ACTIVITY: Reproduce the listing that follows word for word, without its pictures.

EXERCISE DATA:

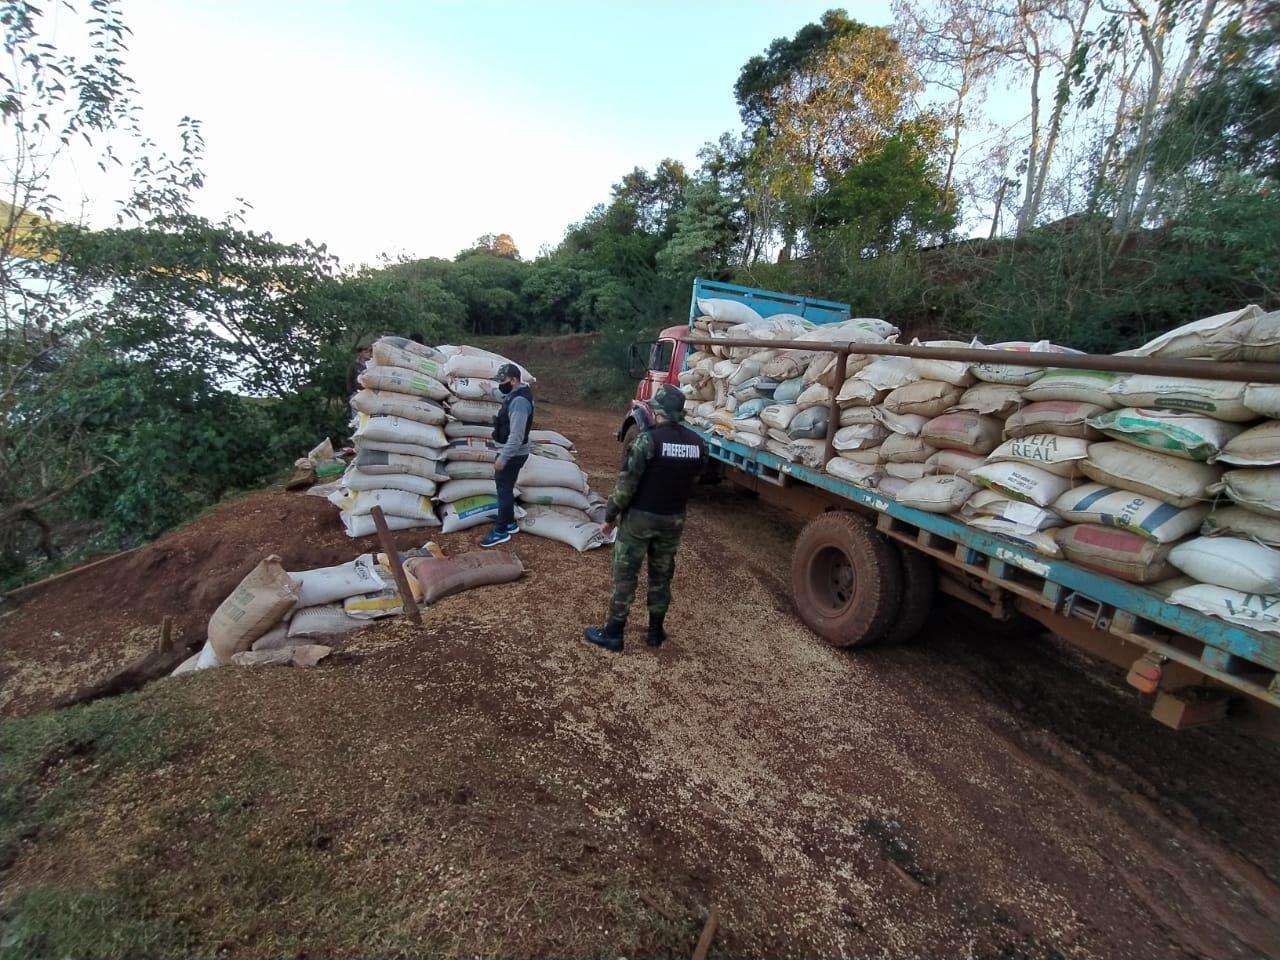 Prefectura secuestró un cargamento de más de 17 toneladas de soja ...
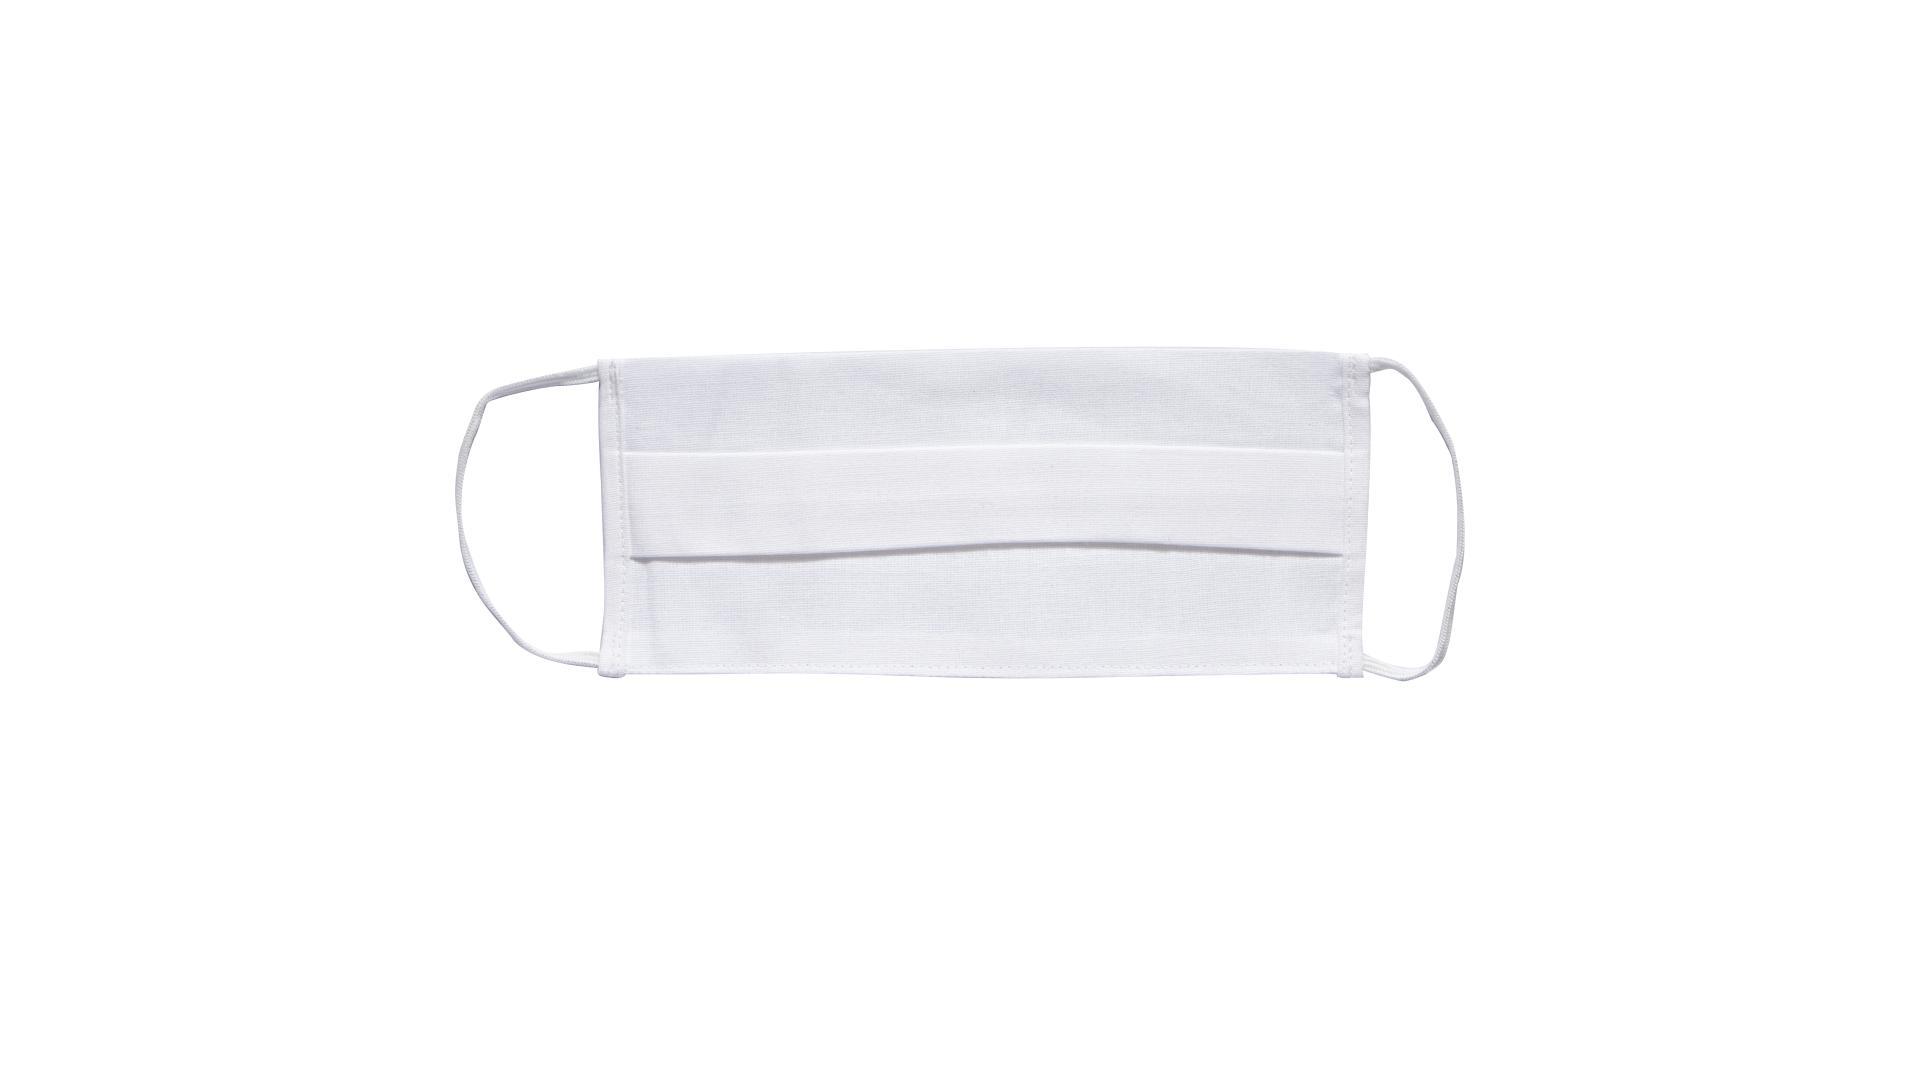 4CARS Dvouvrstvé ochranné bavlněné rouško bílé s gumičkou 1ks - větší
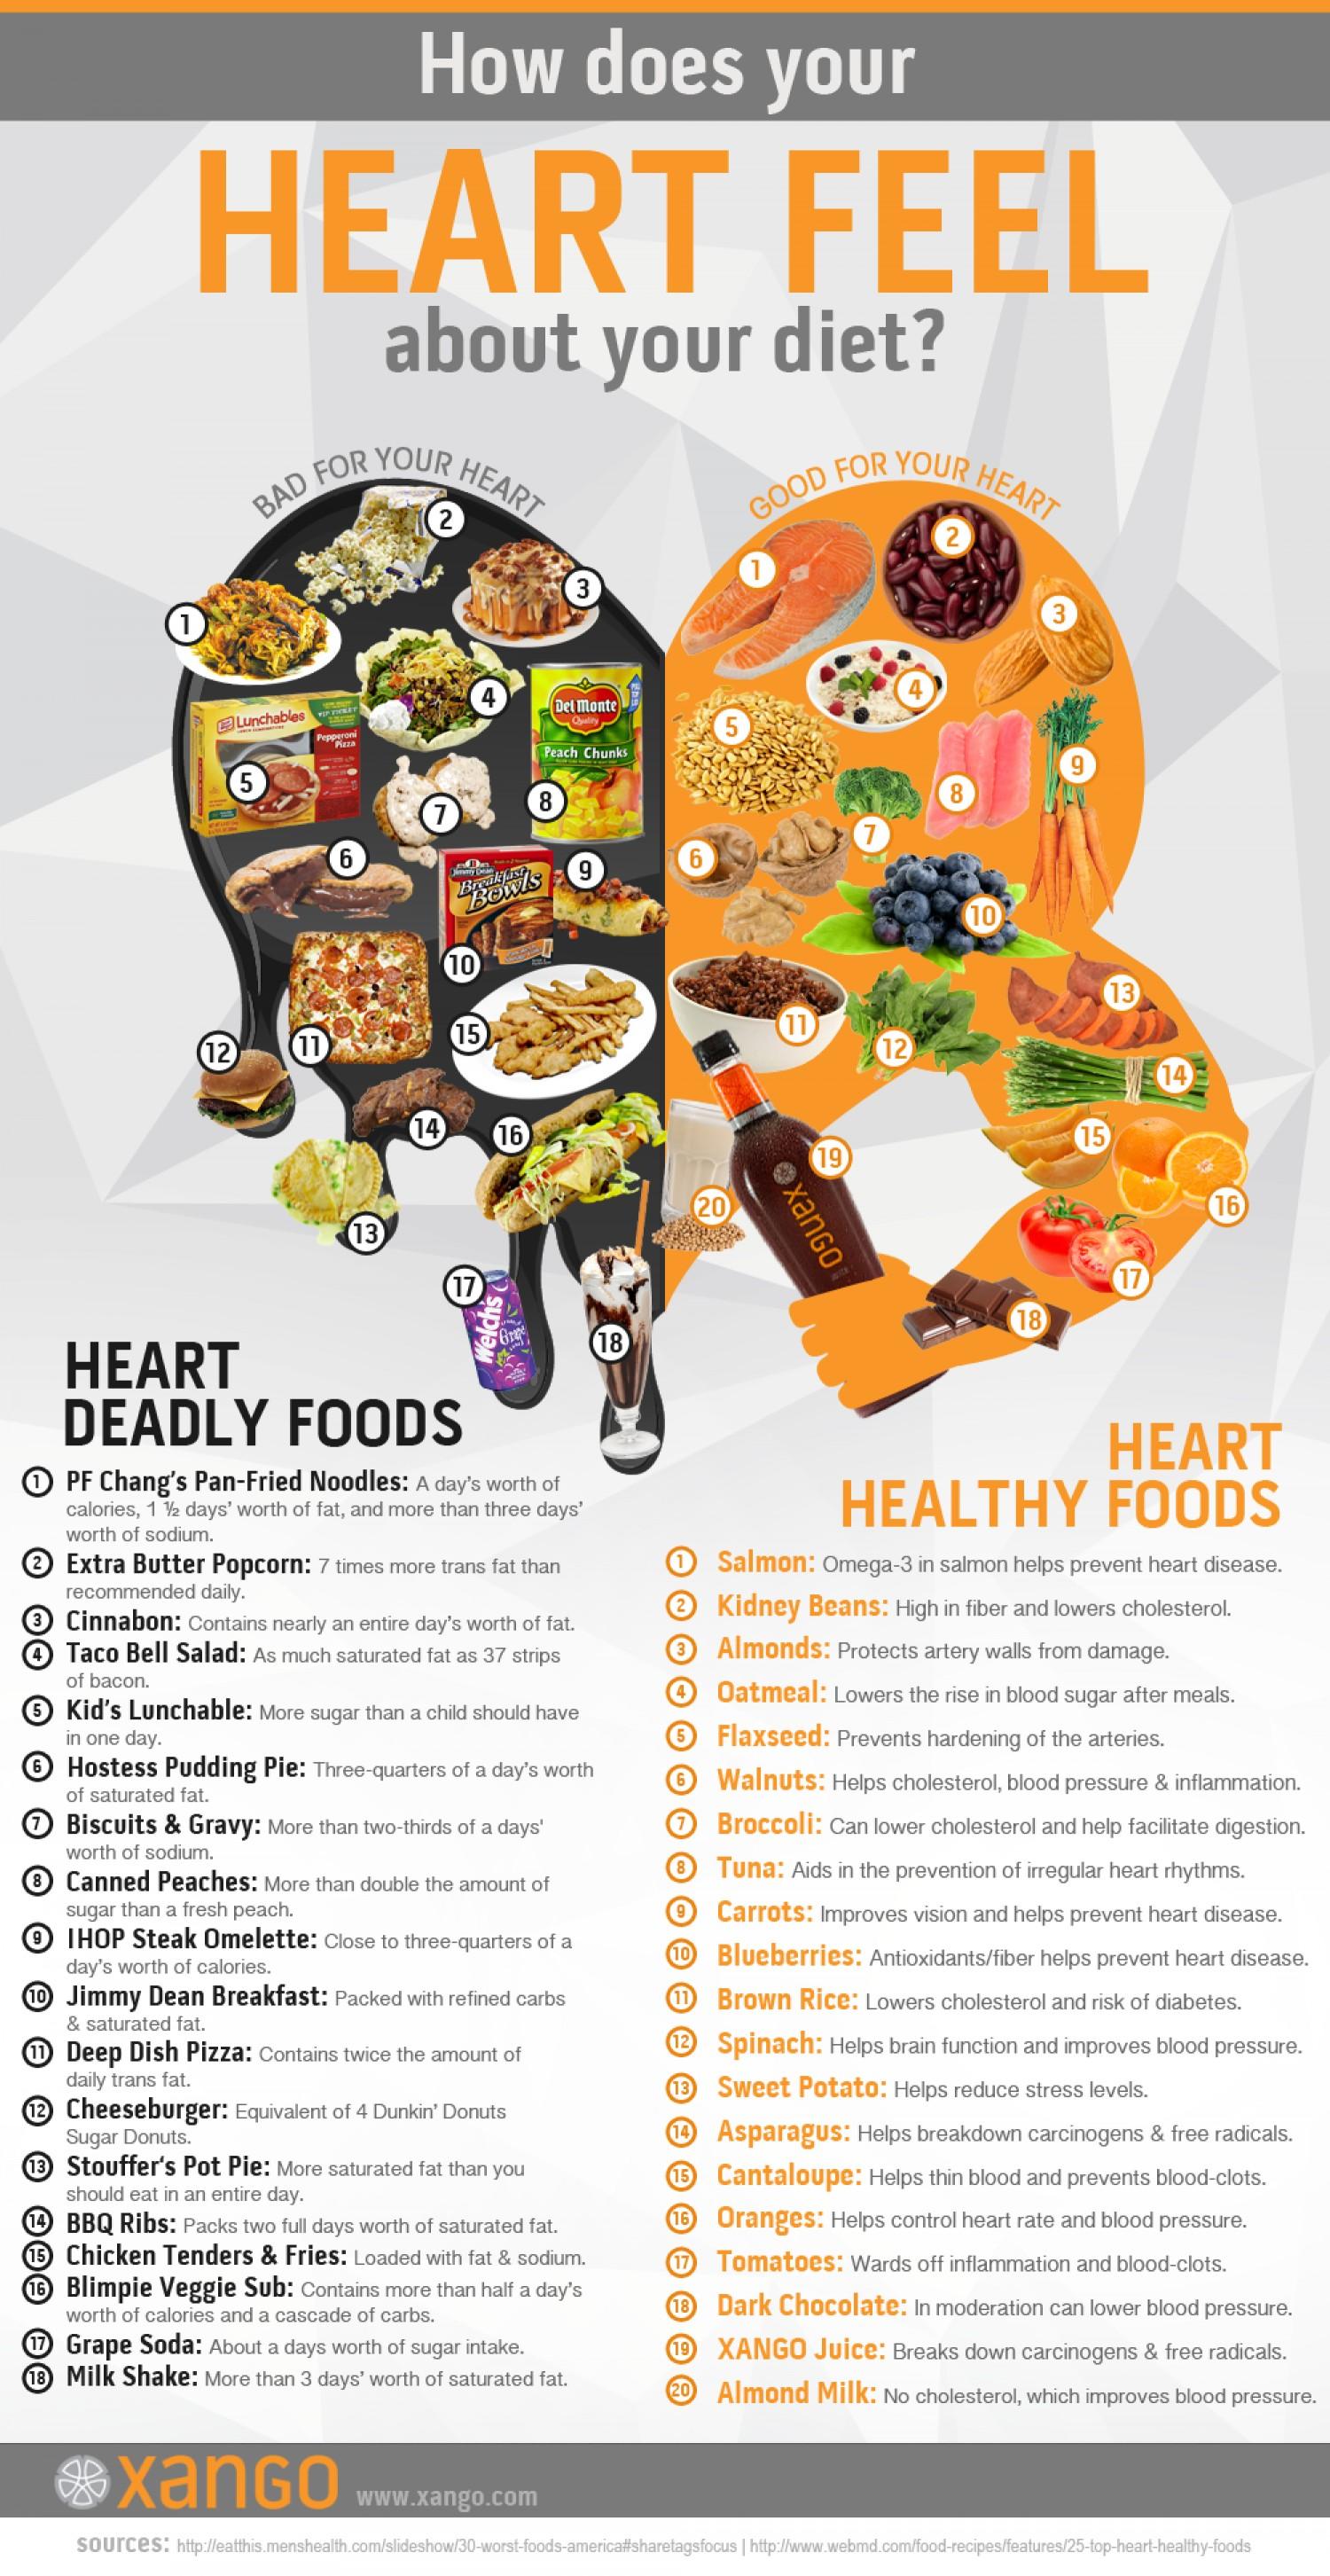 Infographic Hoe voelt jouw hart over jouw dieet

SOLUTION:
 Prefectura secuestró un cargamento de más de 17 toneladas de soja ...
 4CARS Dvouvrstvé ochranné bavlněné rouško bílé s gumičkou 1ks - větší
 Infographic Hoe voelt jouw hart over jouw dieet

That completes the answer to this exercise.